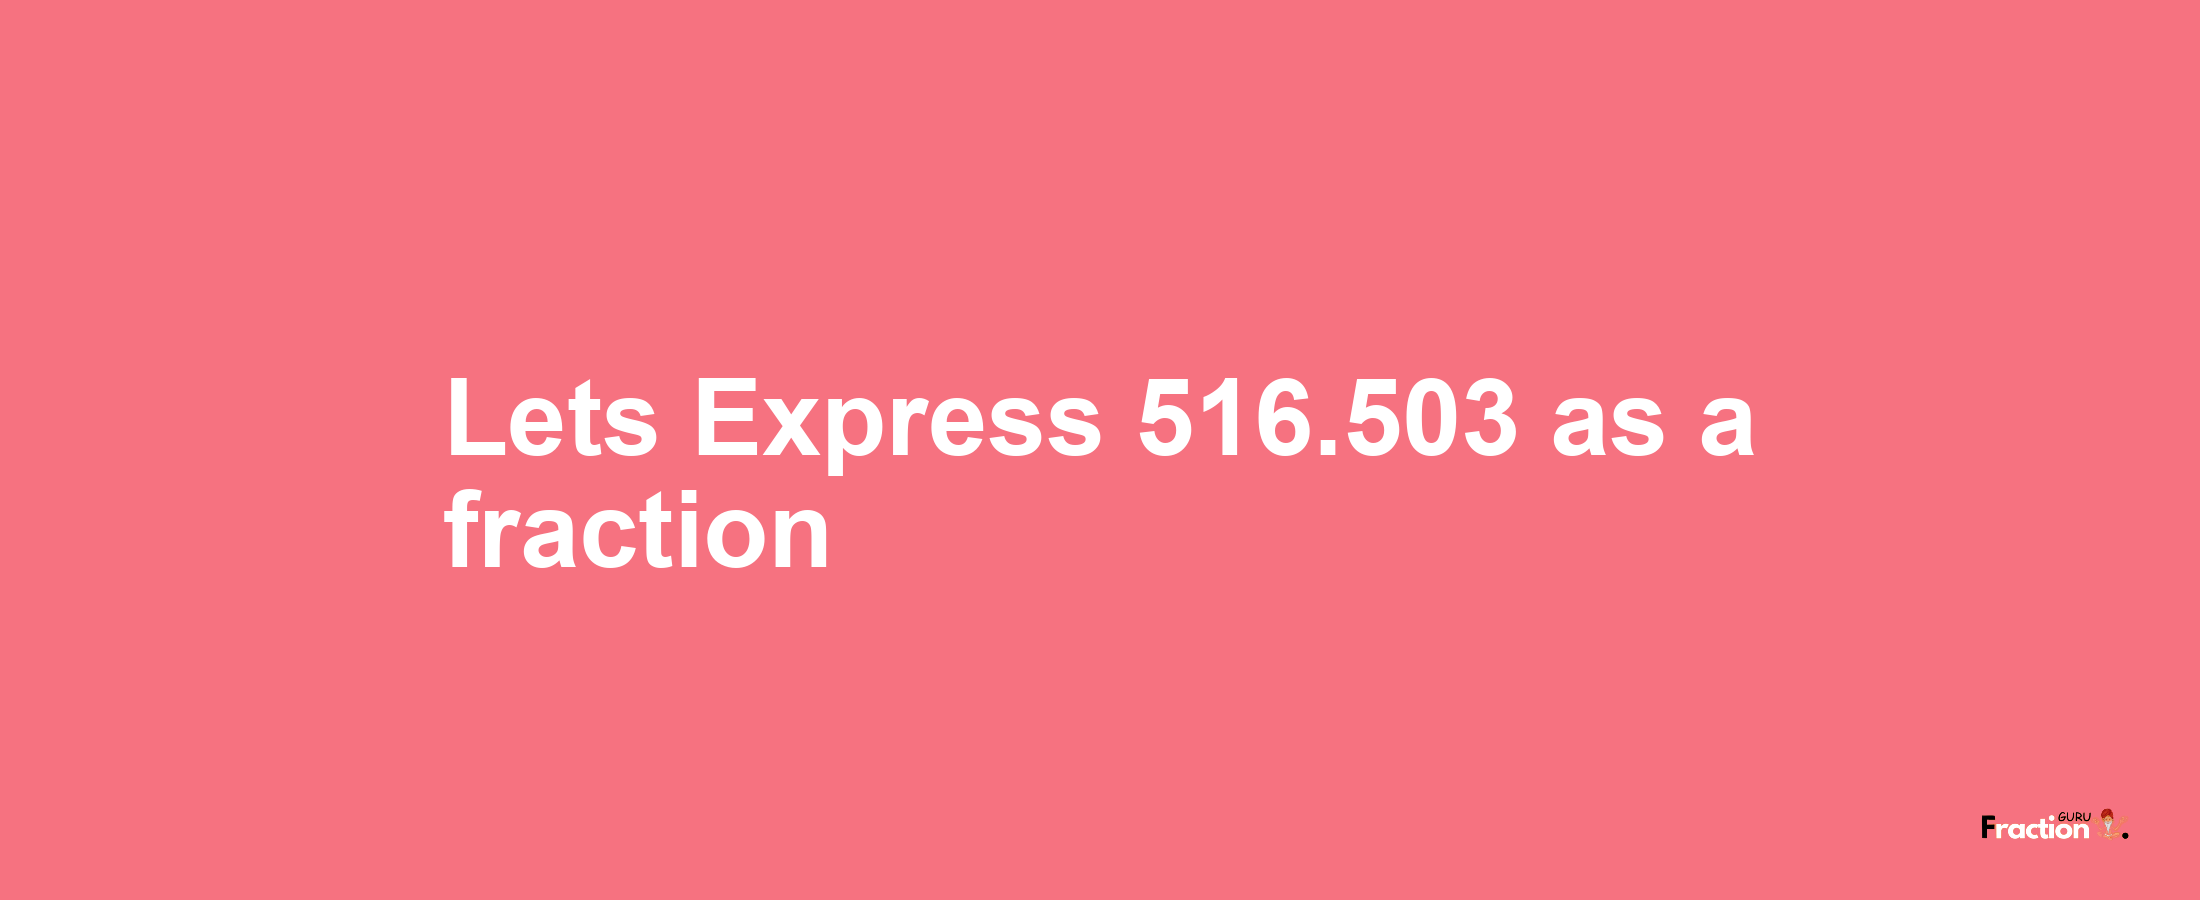 Lets Express 516.503 as afraction
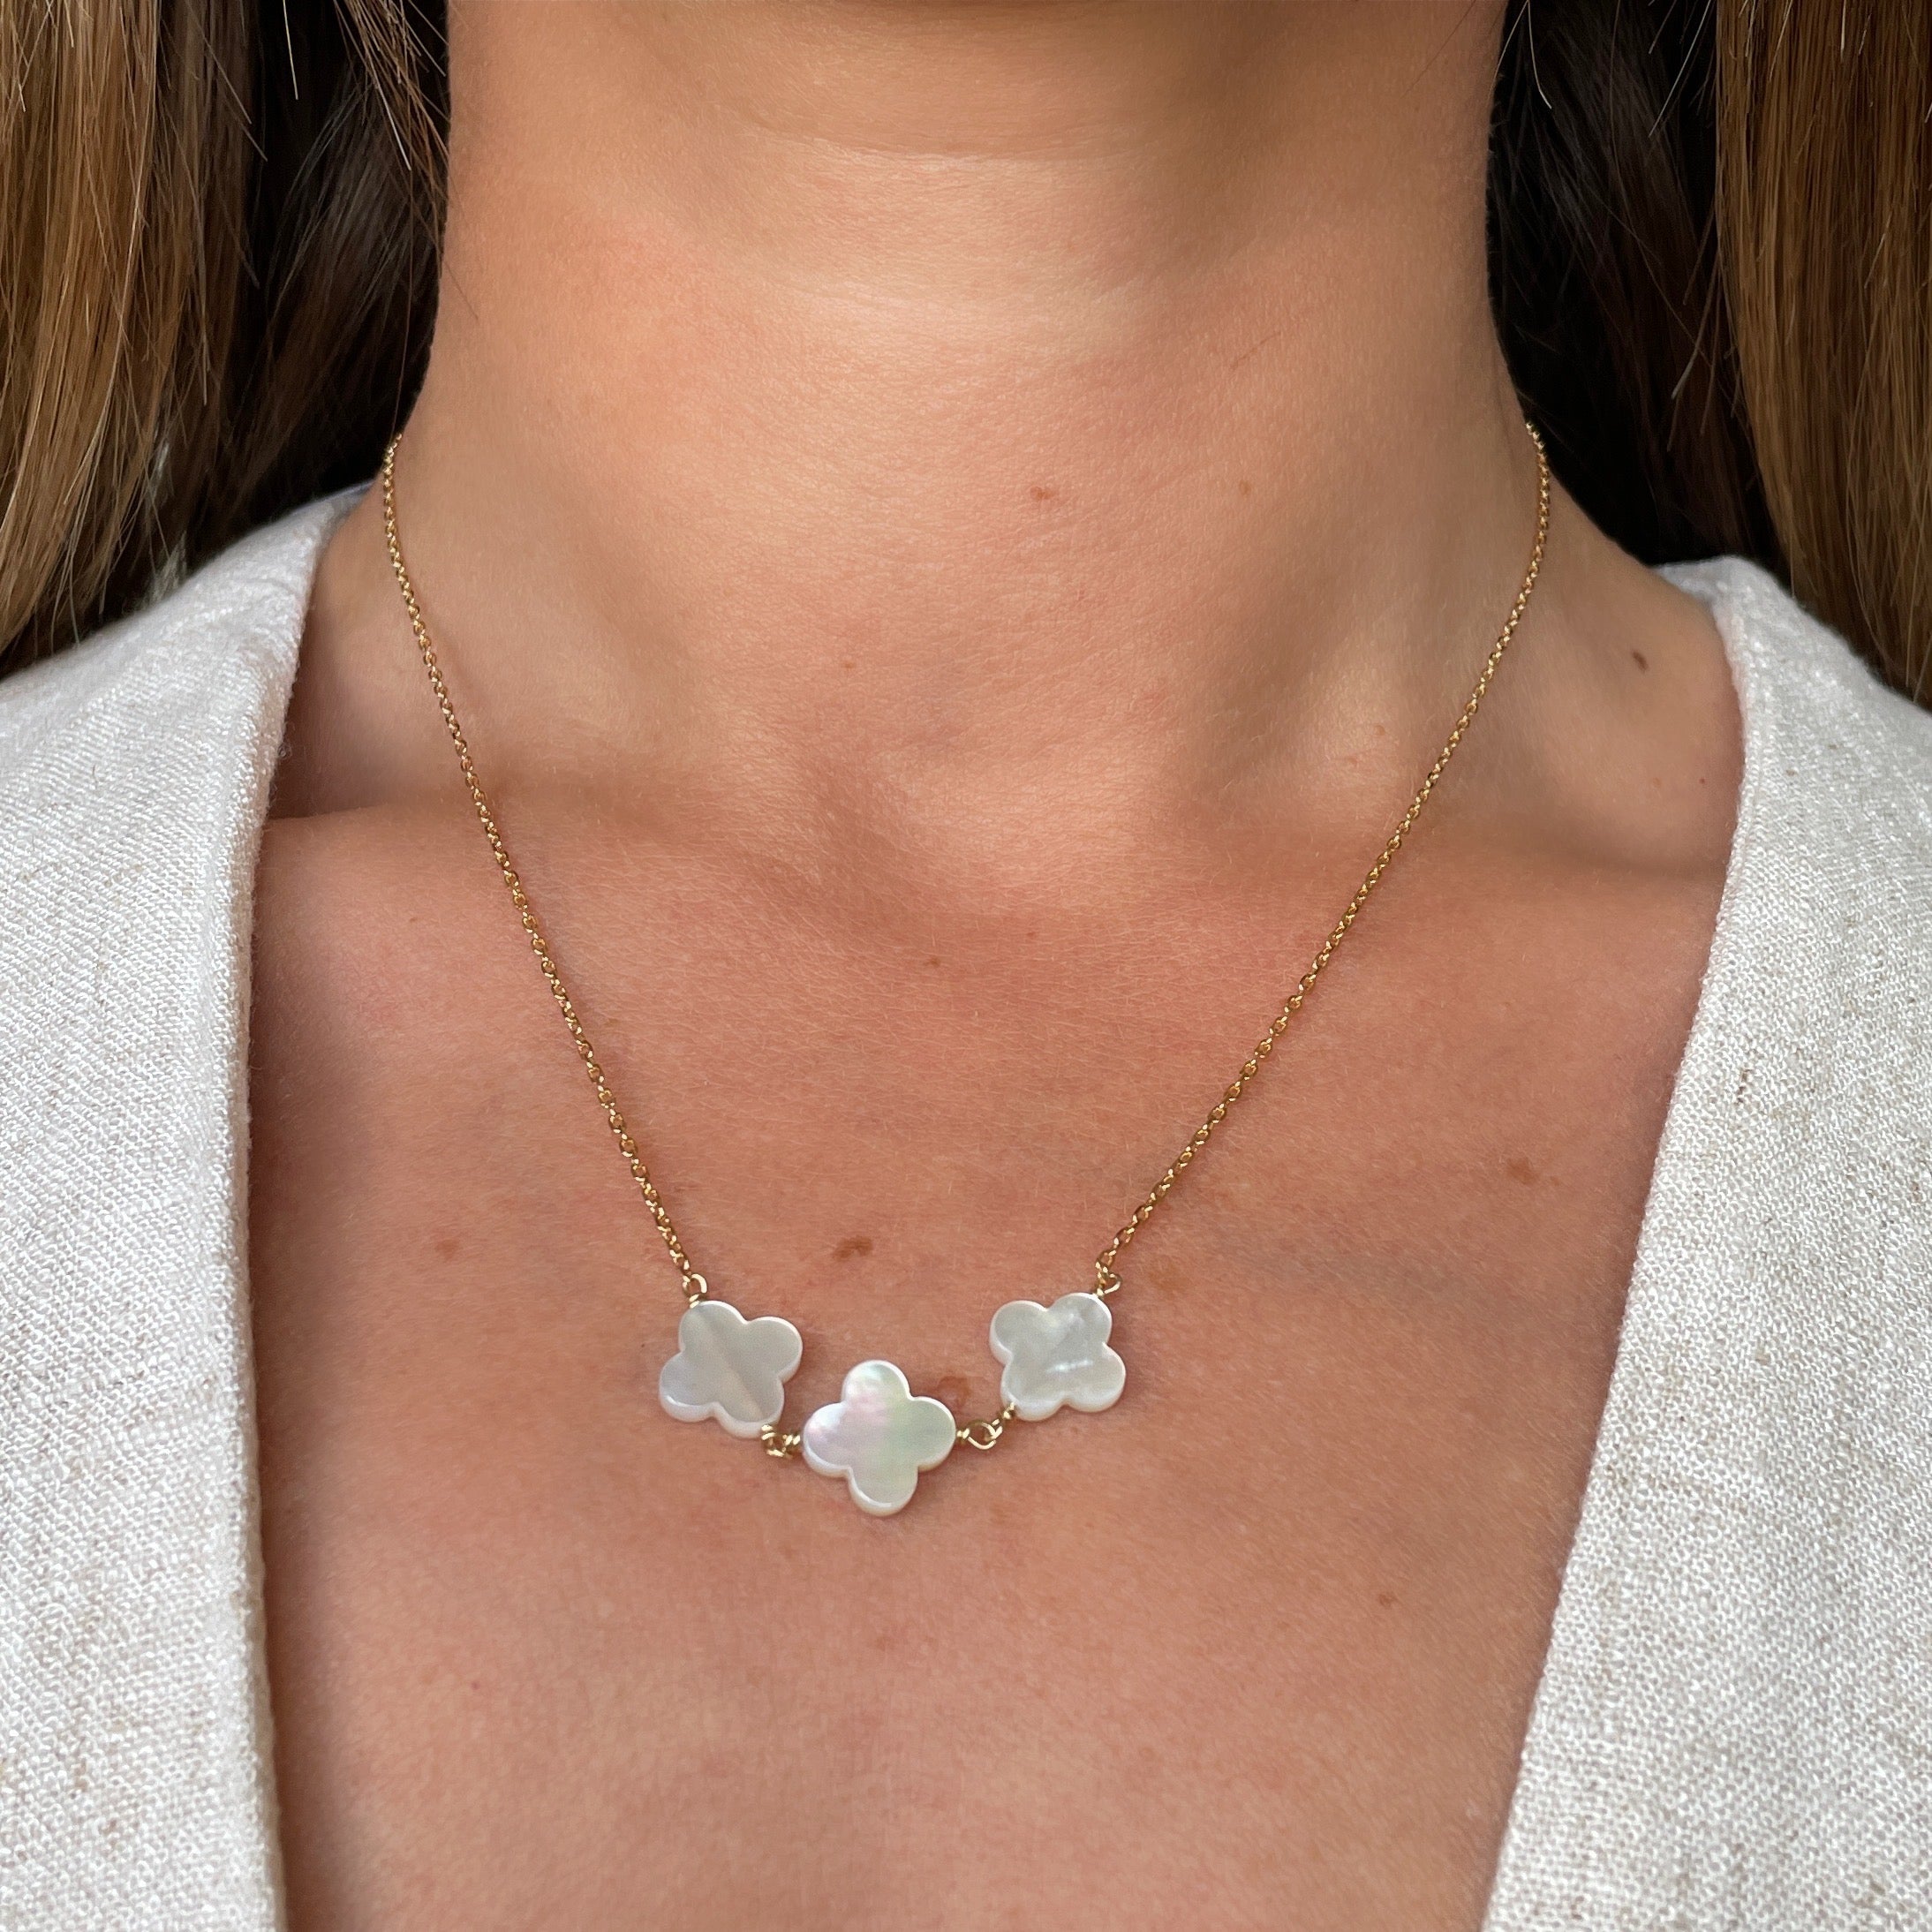 Gold-plated “3 mother-of-pearl clovers” necklace
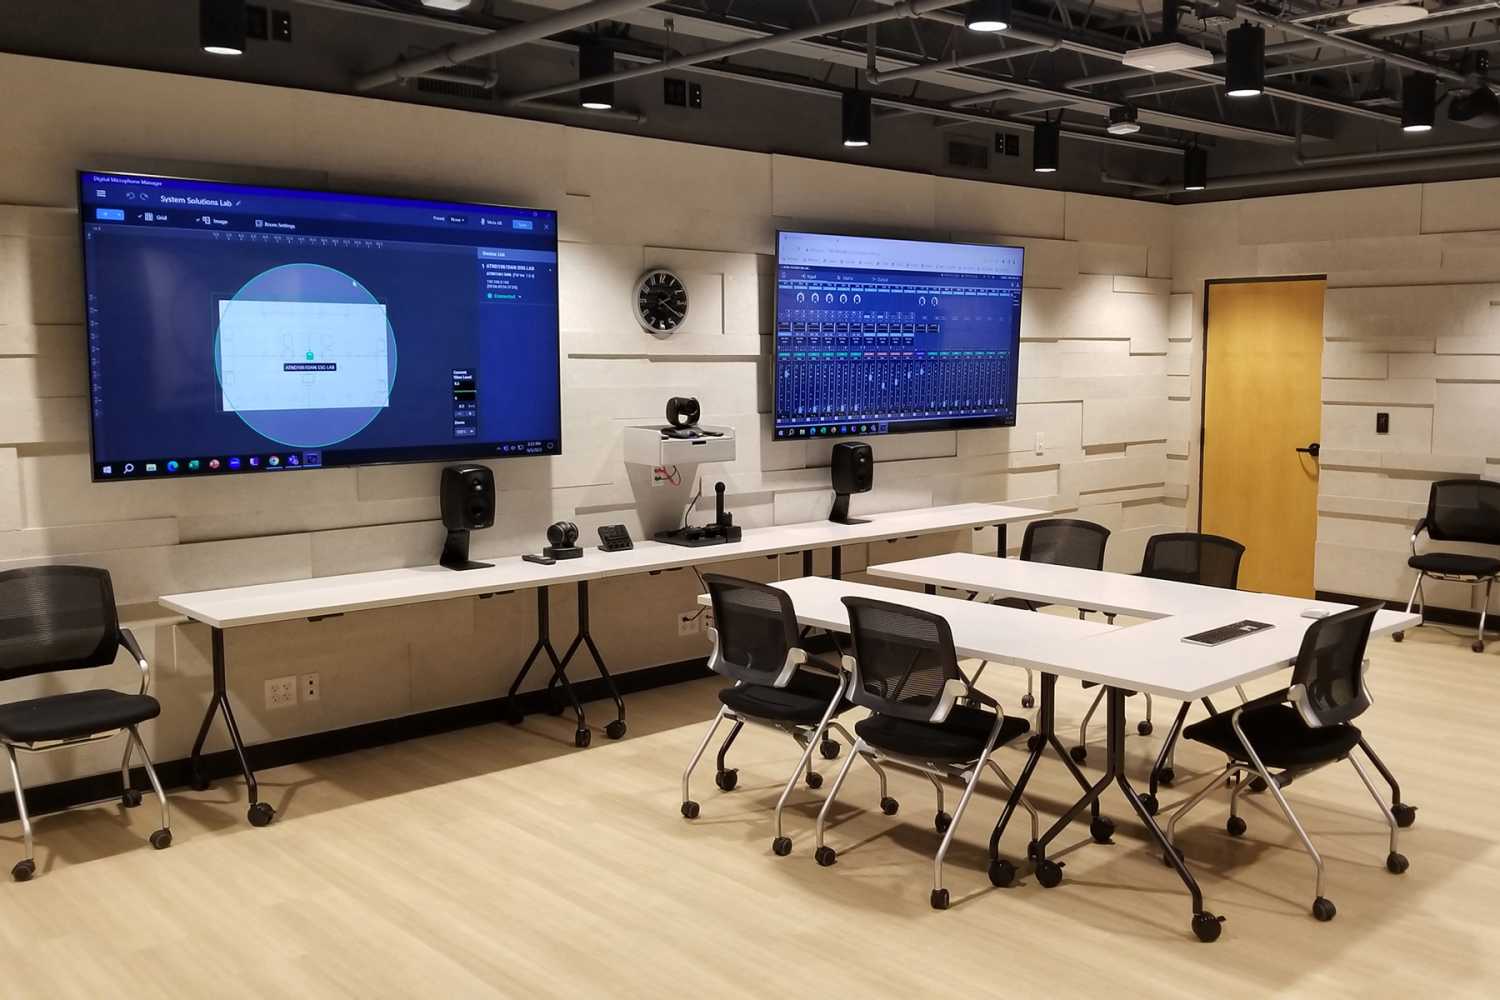 Integration with Audio-Technica’s technology partners is a key part of this laboratory

■ ■ ■ ■ ■

Skipping the pictures, transcribe each line above exactly as it appears.

## Output for this task:
 Lets Express 516.503 as afraction
 Gold-plated “3 mother-of-pearl clovers” necklace
 Integration with Audio-Technica’s technology partners is a key part of this laboratory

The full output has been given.